JSON encoded keys must omit all optional whitespace characters (this means a
JSON encoded key will always start and finish with a double quote ("
)
character).
JSON encoded values must not contain newline (CR) or linefeed (LF) characters, all other optional whitespace should be omitted.

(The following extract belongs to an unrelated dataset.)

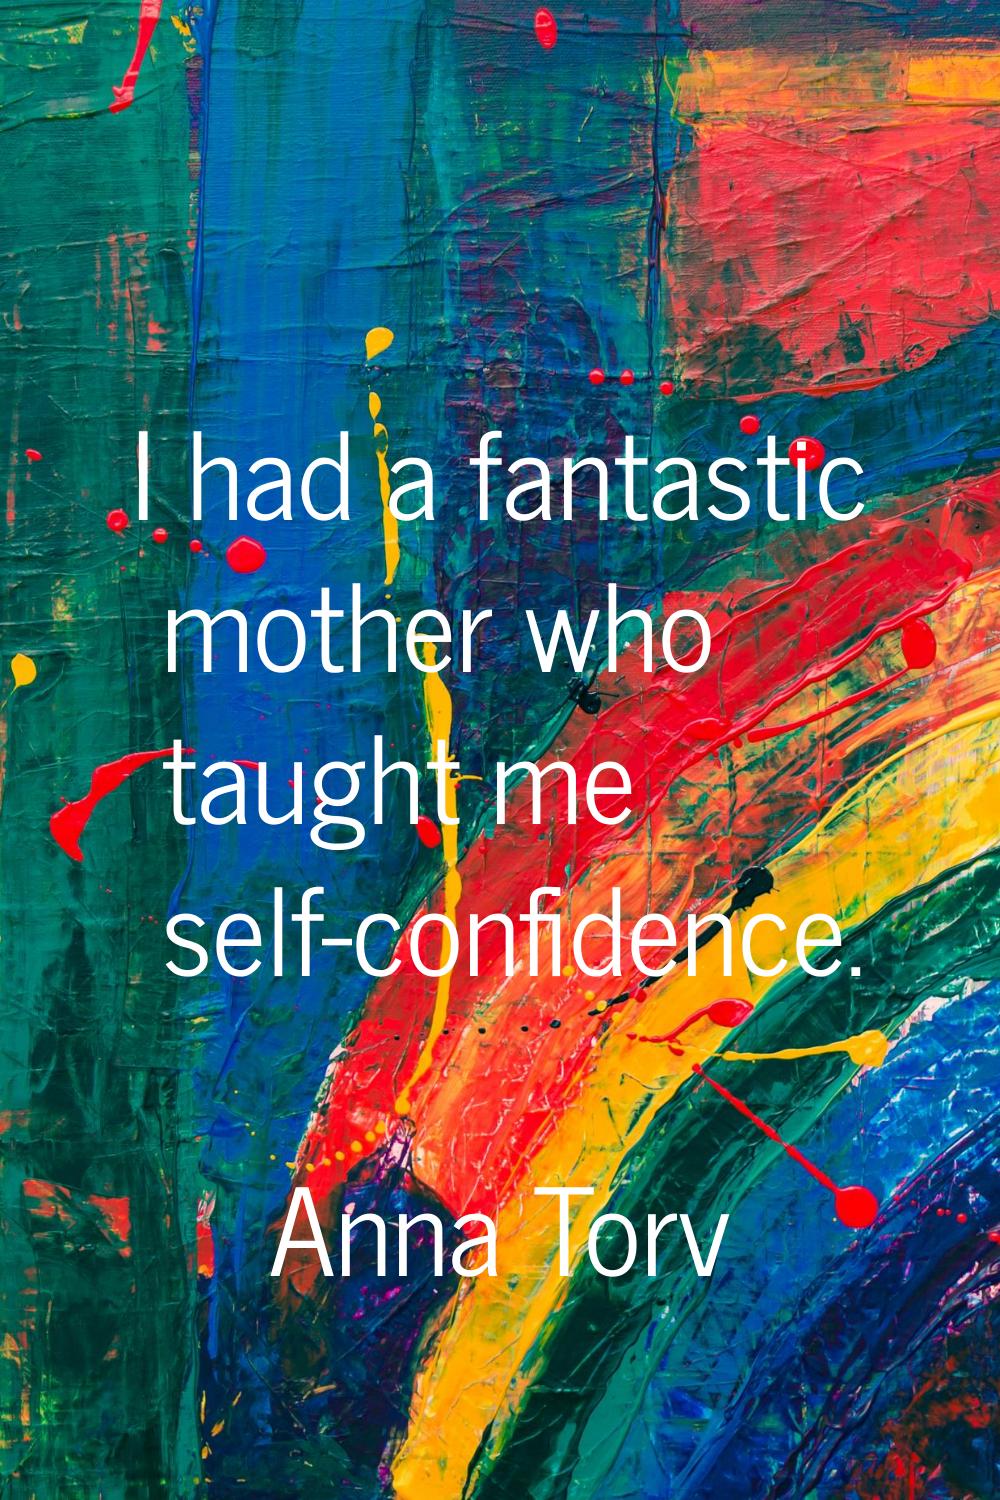 I had a fantastic mother who taught me self-confidence.
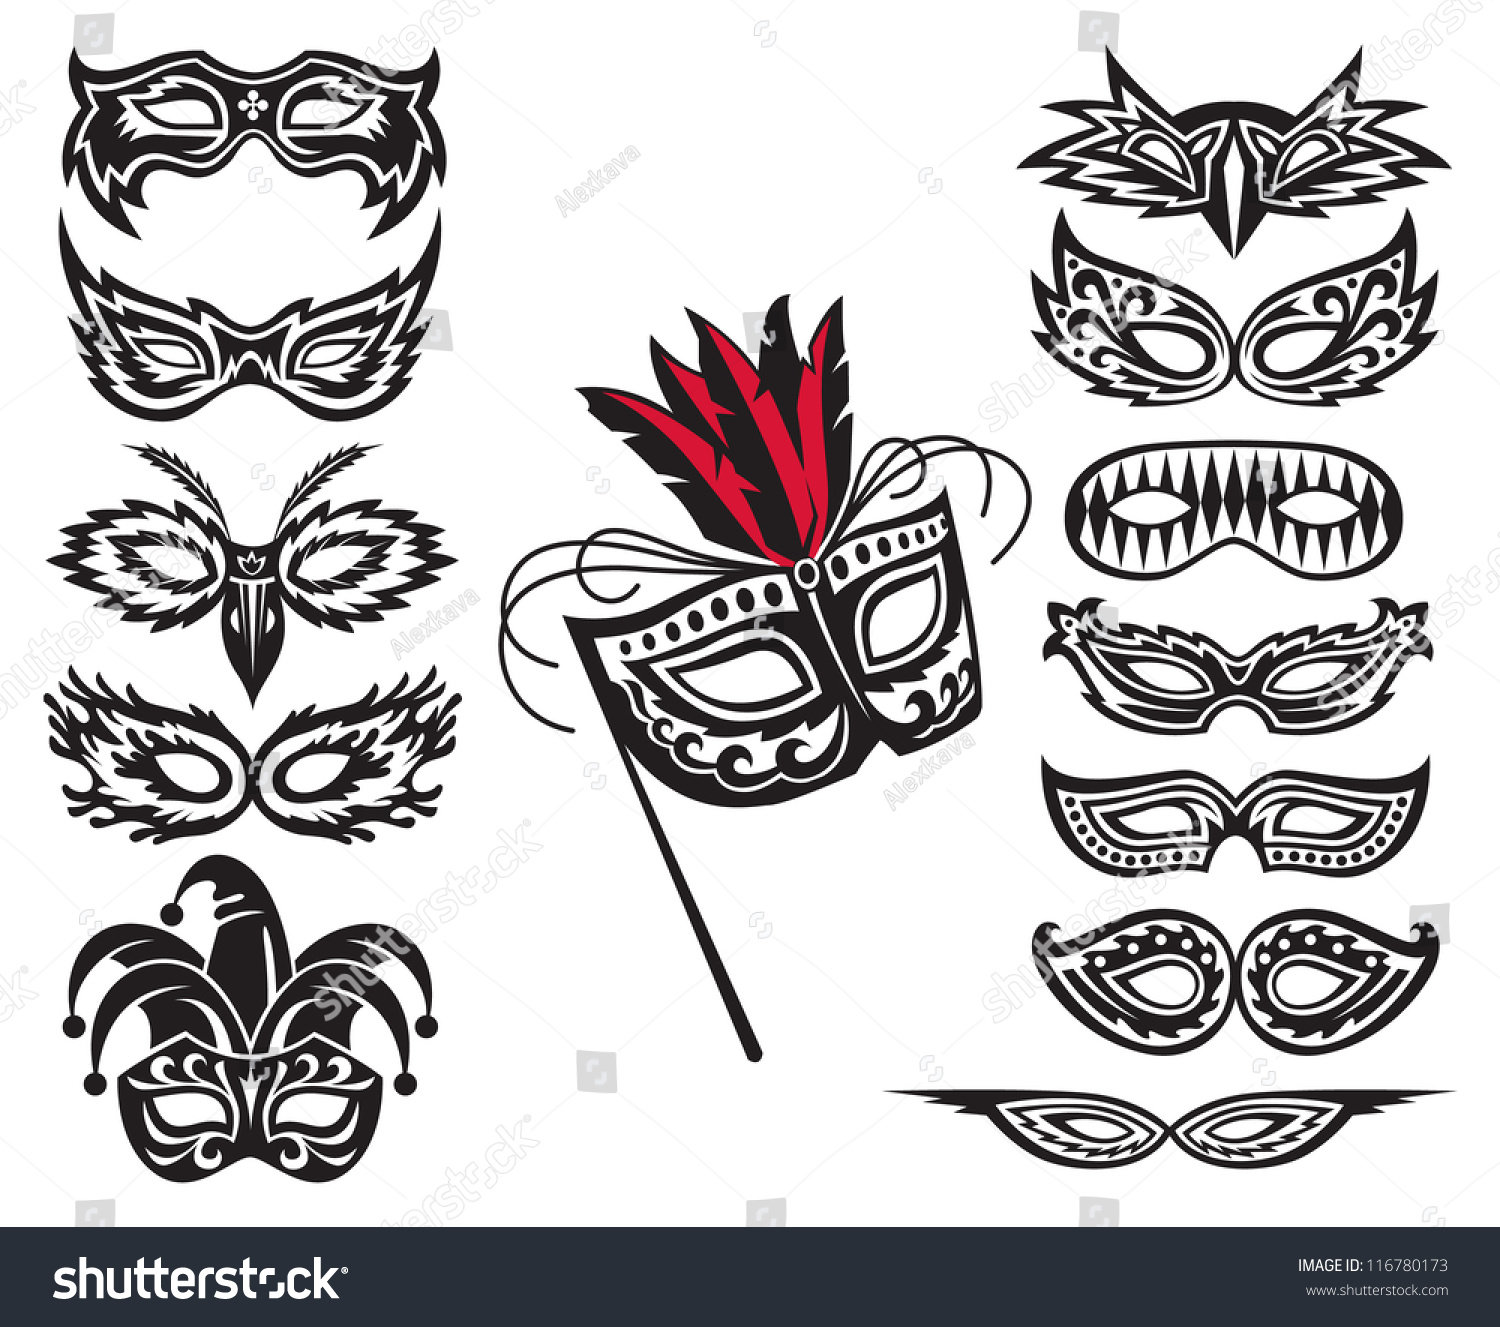 Set Of Isolated Carnival Masks Stock Vector Illustration 116780173 ...

Sorted keys: to ensure that git diffs are stable, and to enable dictionary searches across extremely large files are possible, KJSONL files require that entries are sorted. Sorting of two keys is defined in the following way:
- Let {bytesA} be a list of the bytes in the UTF8-encoded encoded form of first key
- Let {bytesB} be a list of the bytes in the UTF8-encoded encoded form of second key
- Let {lenA} be the length of {bytesA}
- Let {lenB} be the length of {bytesB}
- Let {l} be the minimum of {lenA} and {lenB}
- For each {i} from {0} to {l-1}:
- Let {a} be the numeric value of the byte at index {i} in {bytesA}
- Let {b} be the numeric value of the byte at index {i} in {bytesB}
- If {a < b}, return {-1}
- If {a > b}, return {1}
- If {lenA < lenB} return {-1}
- If {lenA > lenB} return {1}
- Note: {bytesA} and {bytesB} must be identical
- Return {0}
There must be no UTF8 BOM (0xEF 0xBB 0xBF
) present in any KJSONL files; all
KJSONL files are UTF8 encoded so the BOM is unnecessary.